Firewall Rule Bloat: The Problem and How AI can Solve it
Ask security engineers about firewall rules and they’re likely to shake their heads in disgust. To the uninitiated, a firewall would seem to be the bastion of security, protecting the location and enterprise from threats. But driving firewalls everywhere are hundreds to thousands of rules, permitting and denying users access to applications and resources. And here’s the rub: As those rules accumulate, they can become obsolete, redundant, or irrelevant — preventing users from accessing the resources they need or worse, enabling threat actors to slip into the enterprise.
In the theoretical world, a nice orderly transition to a zero-trust strategy might solve the problem, empowering users who meet the right conditions to access the resources they need when they need them. But in the real world, legacy firewalls make zero-trust impossible. How can you implement anything orderly when there are 1,000 or 10,000 rules to analyze? It also makes compliance and auditing a challenge.
The solution? A two-step process that taps AI, not for window dressing, but to solve the critical problem facing security teams everywhere — firewall rule bloat.
Managing and Controlling Rule Bloat
As networks expand and evolve, security teams must implement a host of firewall rules to help manage traffic flow, enforce security policies, or meet compliance requirements. Unfortunately, rules once implemented are rarely updated or optimized.
A construction company, for example, goes on location and the security team sets up a rule for allowing traffic to traverse a firewall to access an internet application. The rule should be removed once the project is completed to avoid exploitation, but all too often, it and thousands like it stay lingering in perpetuity. Eventually, these become obsolete, creating security gaps. There can also be inconsistencies across different firewalls and network segments, which can lead to security loopholes. In geographically distributed sites, rules may have to be updated manually; this itself can be a time-consuming and costly affair.
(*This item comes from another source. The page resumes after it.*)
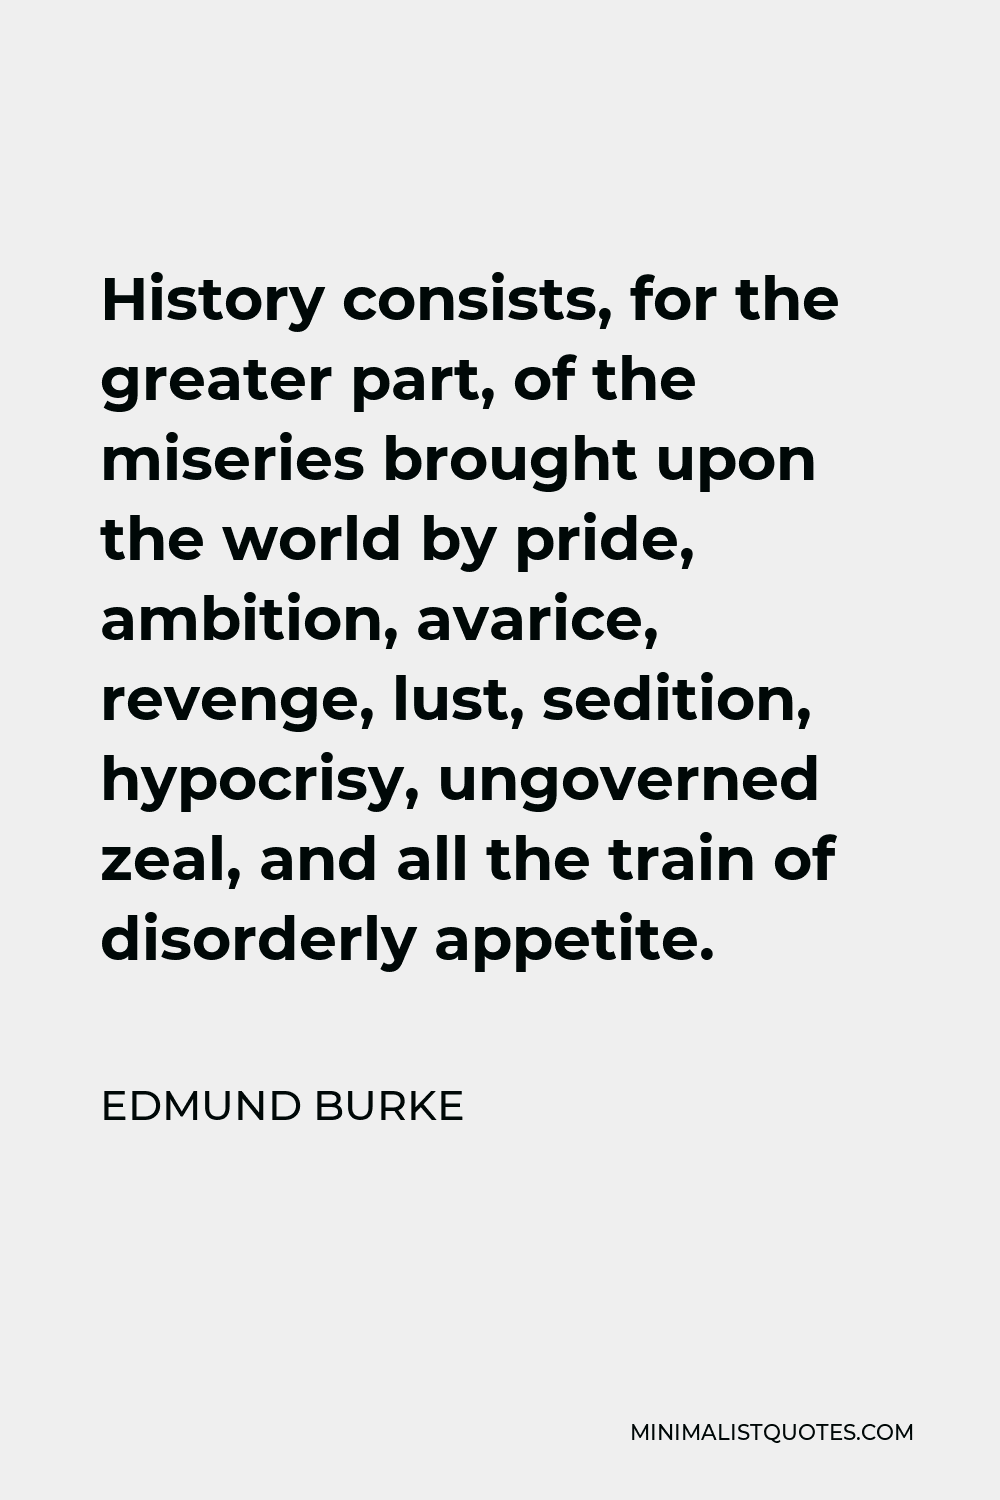 Edmund Burke Quote - History consists, for the greater part, of the miseries brought upon the world by pride, ambition, avarice, revenge, lust, sedition, hypocrisy, ungoverned zeal, and all the train of disorderly appetite.

Security teams often lack visibility into how these rules interact with each other, making it difficult for them to ensure alignment with global security policies.
With cloud computing and remote work, traditional perimeter-based security approaches are no longer as effective. Organizations are increasingly shifting to a zero-trust security model. However, the proliferation of point products, the complexity of networks and their geographical distribution make it challenging to enforce consistent and dynamic policies. Zero-trust approaches also require that organizations erect micro-perimeters around applications and workloads. Overlapping or conflicting rules can inadvertently establish vulnerabilities between segments.
Ensuring compliance across a diverse and heterogeneous environment is also a significant challenge for security teams. Obsolete and overlapping rules create inconsistencies that violate compliance or regulatory mandates. Security teams and auditors must sift through long lists of rule sets, which is a labor-intensive and error-prone process in itself. The lack of clarity and visibility in firewall rule bloat makes it difficult for security teams to demonstrate compliance adherence.
A Two-Step Strategy For Overcoming Firewall Rule Bloat
To address the problem, enterprises should consider a two-step strategy to improve enterprise policy hygiene—consolidate firewalls onto a common platform, namely a Firewall-as-a-Service (FWaaS) offering and then tap AI to help tackle the bloat.
- Step 1: Move to FWaaS
FWaaS, like the kind in a SASE platform, creates a single, global firewall, enabling security teams to enforce consistent policies across locations and users, eliminating management of multiple firewall instances, reducing operational overhead and overcoming rule bloat. Enhanced zero-trust enforcement also becomes possible, ensuring that only authorized applications, users and devices can access network resources. Finally, security teams gain clear, end-to-end visibility of the firewall rule bloat allowing them to maintain a clear, auditable security posture. They can leverage built-in tools for policy compliance and audit reporting, reducing the time and effort required for periodic audits.
- Step 2: Tap AI for Policy Analysis and Automation
Even with FWaaS consolidating firewalls, enterprises can still be left with hundreds, if not thousands of rules. By integrating the power of AI and machine learning into FWaaS, organizations can algorithmically identify misaligned and conflicting rules and proactively streamline them. This is what we refer to as an autonomous policy engine.
An autonomous policy engine represents a paradigm shift in firewall policy management for several reasons.
- It harnesses AI to identify misaligned and conflicting rules, providing actionable recommendations to enhance policies across multiple environments.
- It enables real-time zero-trust enforcement since AI monitors and dynamically adjusts firewall policies based on real-time telemetry.
- It identifies rule inconsistencies that violate regulatory mandates, aiding compliance teams during audits by automating rule inspection and helping justify policy configurations.
AI continuously learns and adapts FWaaS policies in line with new attack vectors, compliance requirements and operational needs, transforming security operations from reactive problem-chasing to proactive resilience.
While firewalls remain a foundational element of enterprise security, their complexity and management challenges can inadvertently weaken the effectiveness of a zero-trust strategy. AI-powered FWaaS addresses these challenges head-on while elevating policy hygiene. By leveraging AI for autonomous policy creation and adaptation, FWaaS not only strengthens zero-trust principles and ensures compliance but also simplifies security operations, minimizes human error and enhances the overall security posture.